# [Given data]

══════

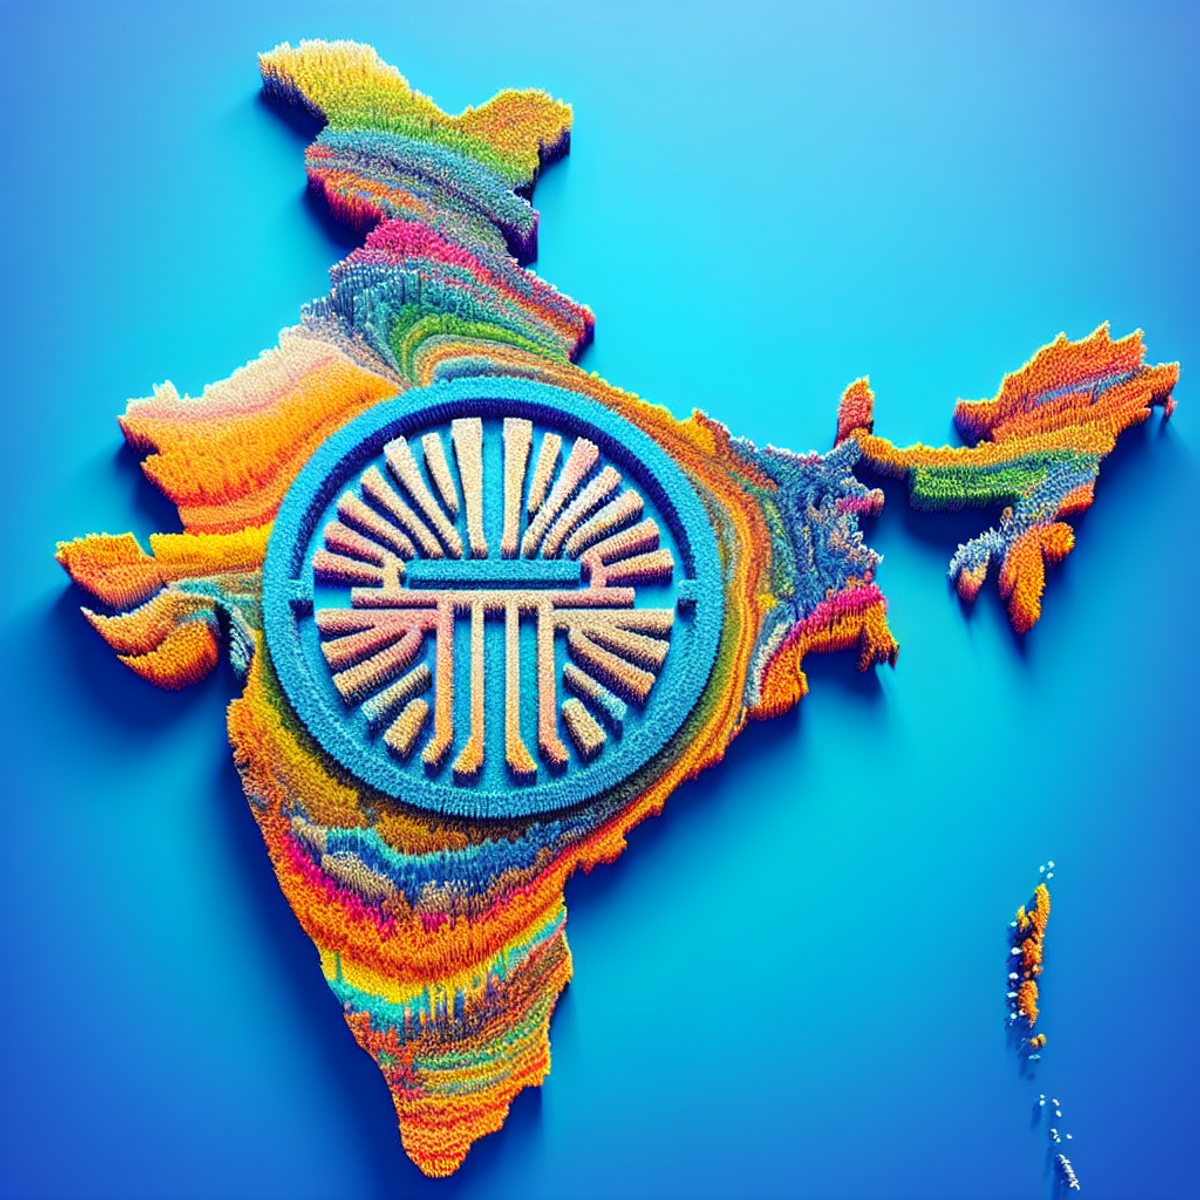 A vibrant, colorful map of India with the State Bank of India's iconic logo spread across it.
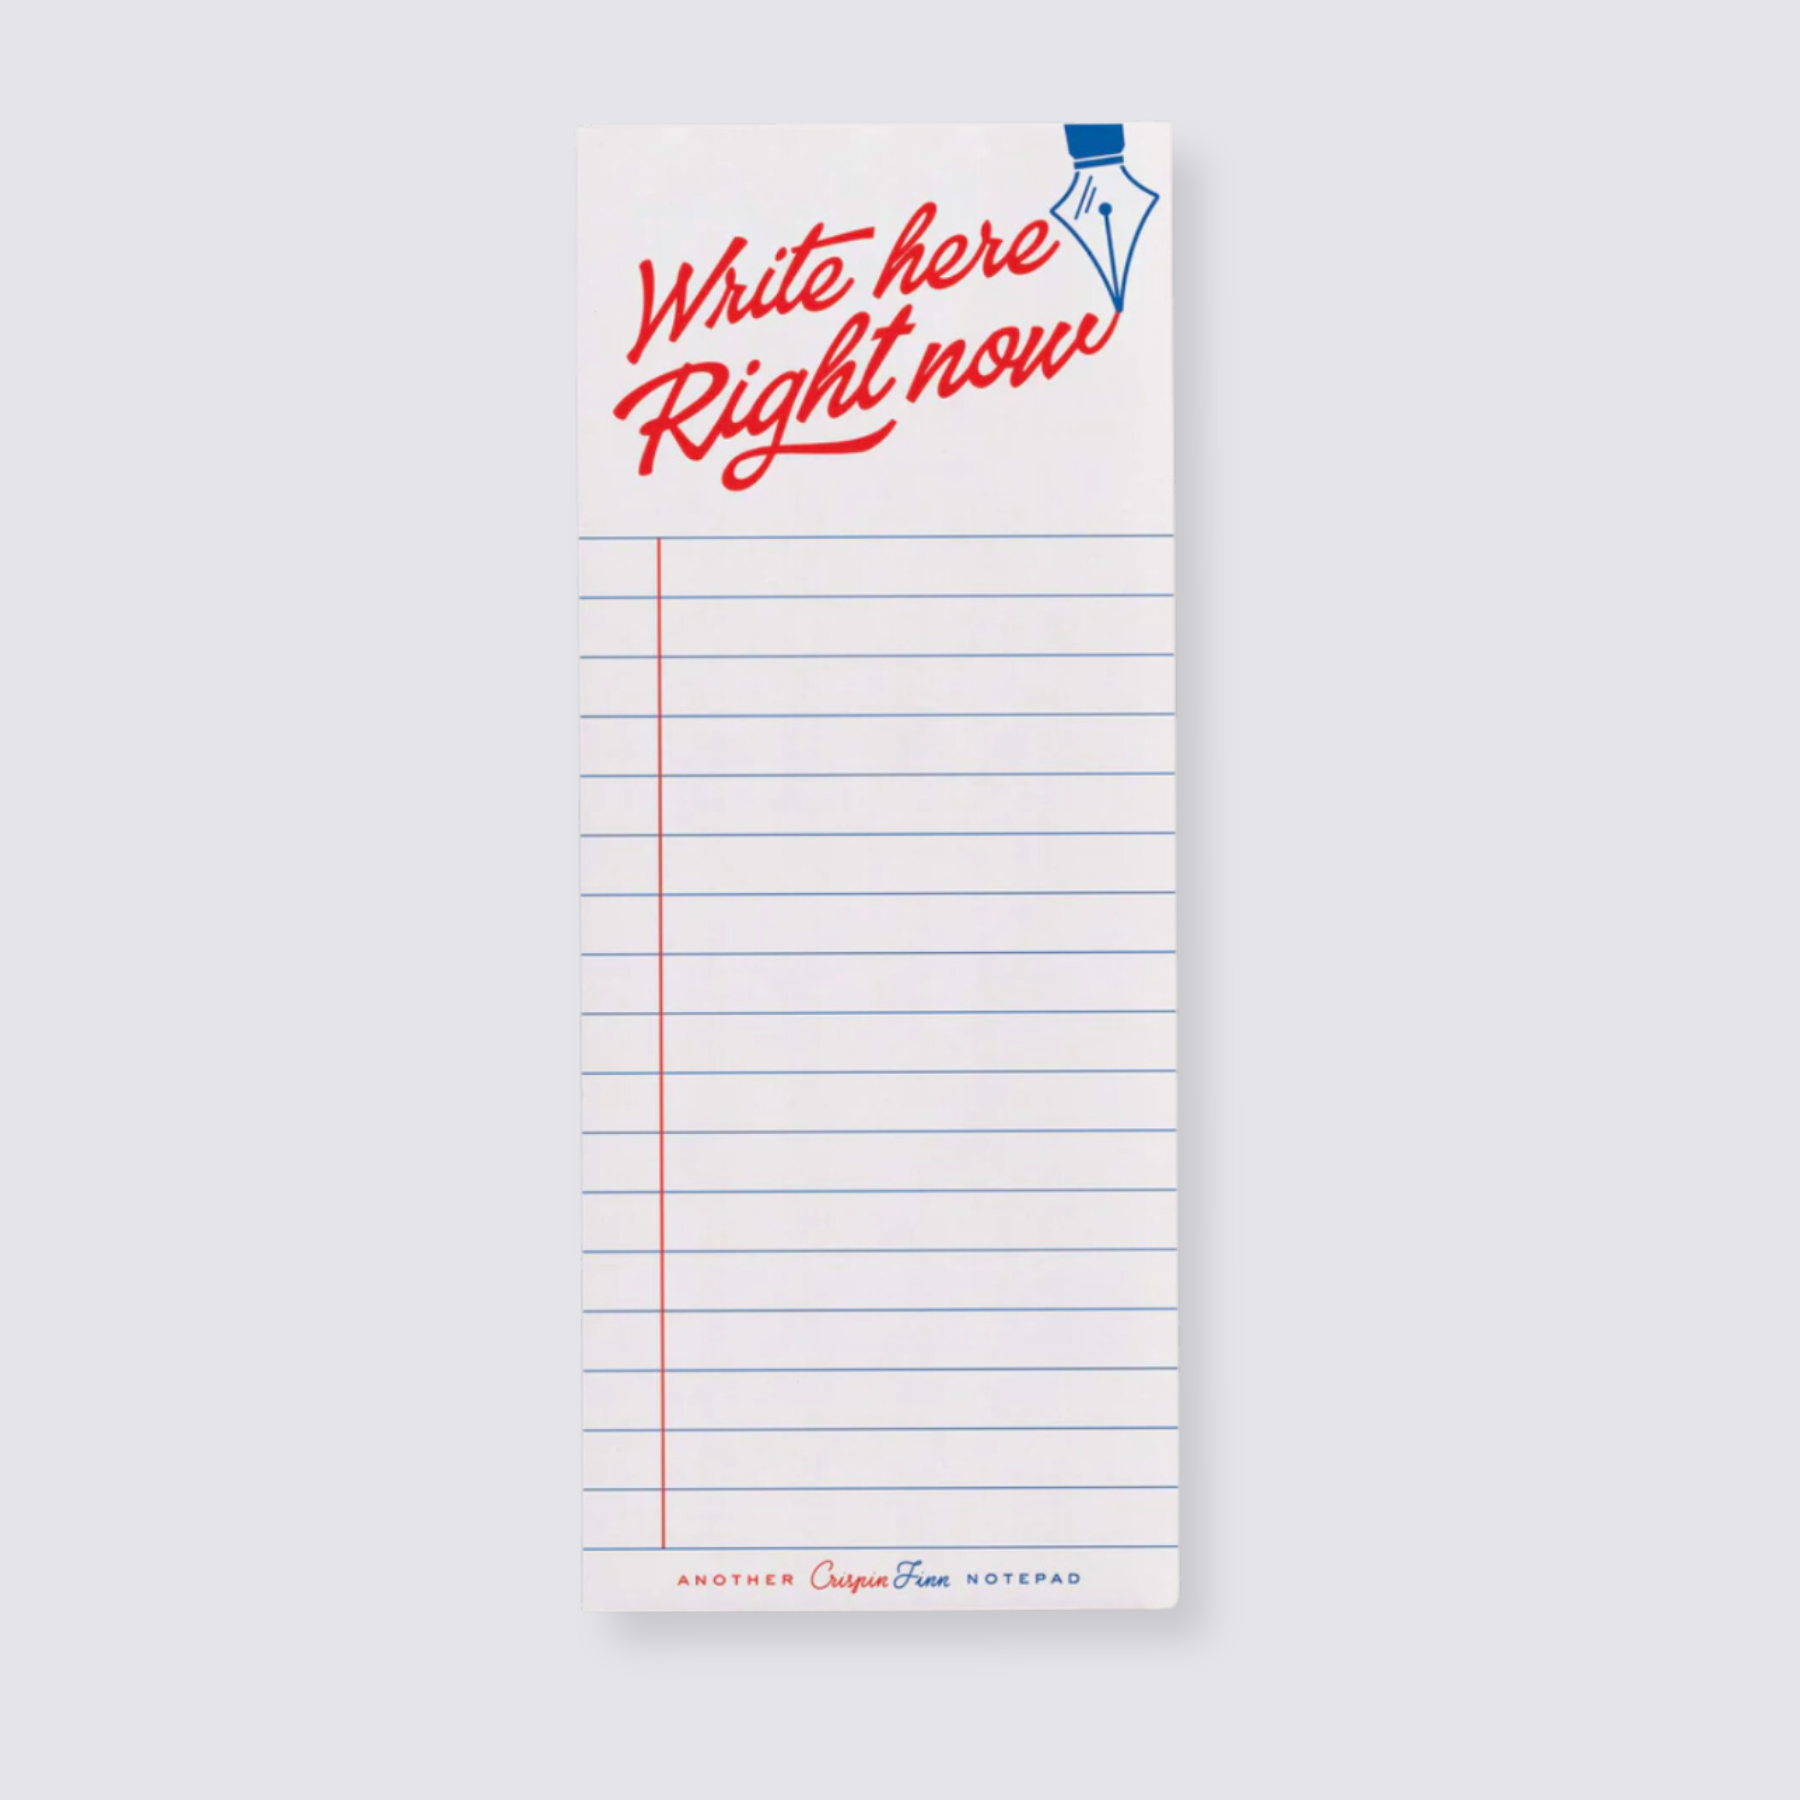 Write here right now note pad
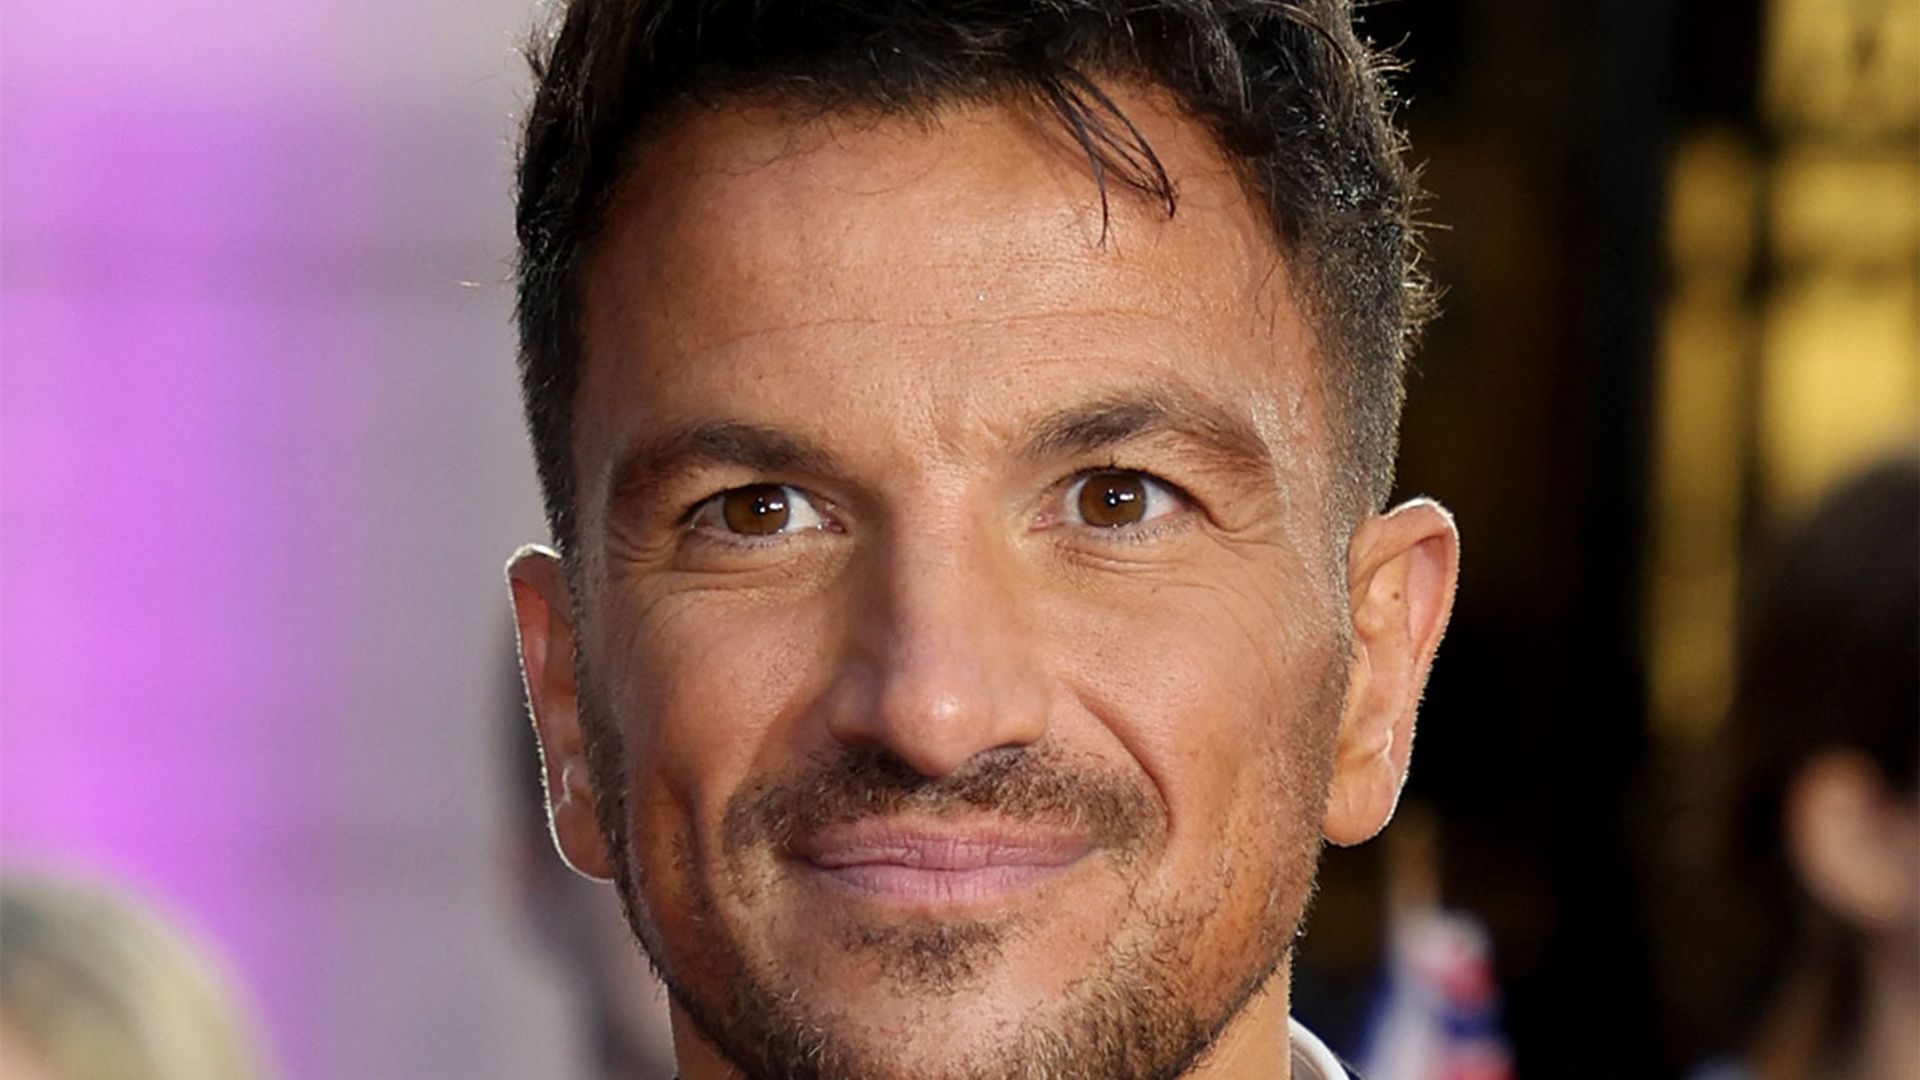 Peter Andre reveals touching message from rarely seen son Theo in heartfelt post
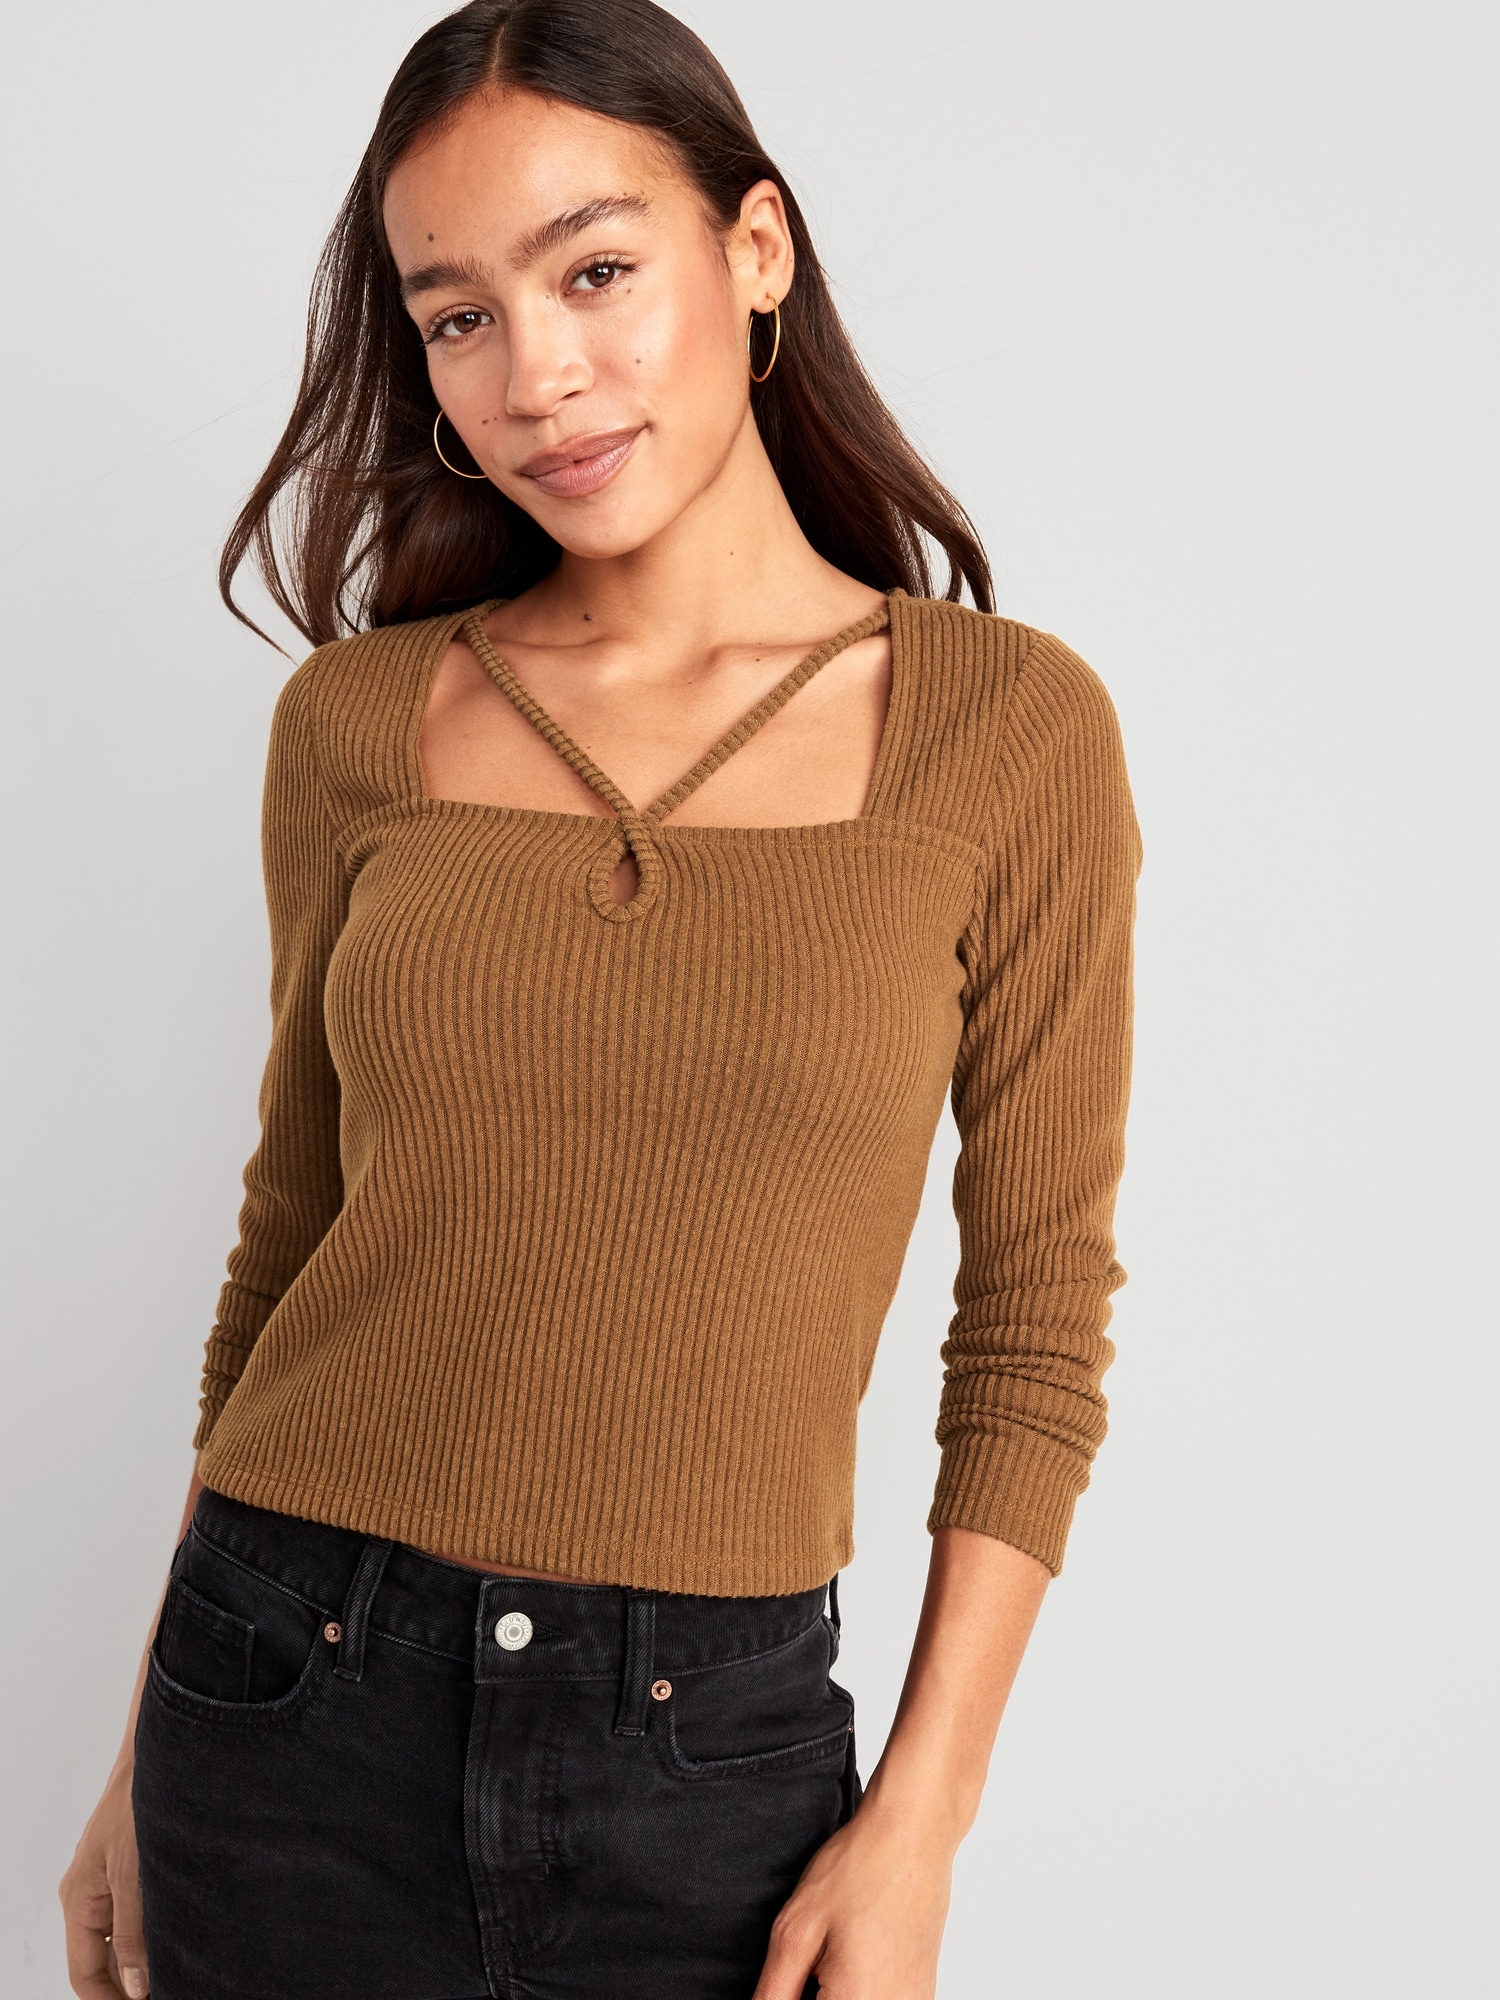 Fitted Long-Sleeve Strappy Keyhole Top

══════

# [Aim of the exercise]
Please reproduce nothing but the lines from the one containing "Peter Andre reveals" through the closing line of the listing, retyped word for word, pictures excluded.

# [Reply]
 Peter Andre reveals touching message from rarely seen son Theo in heartfelt post
 Fitted Long-Sleeve Strappy Keyhole Top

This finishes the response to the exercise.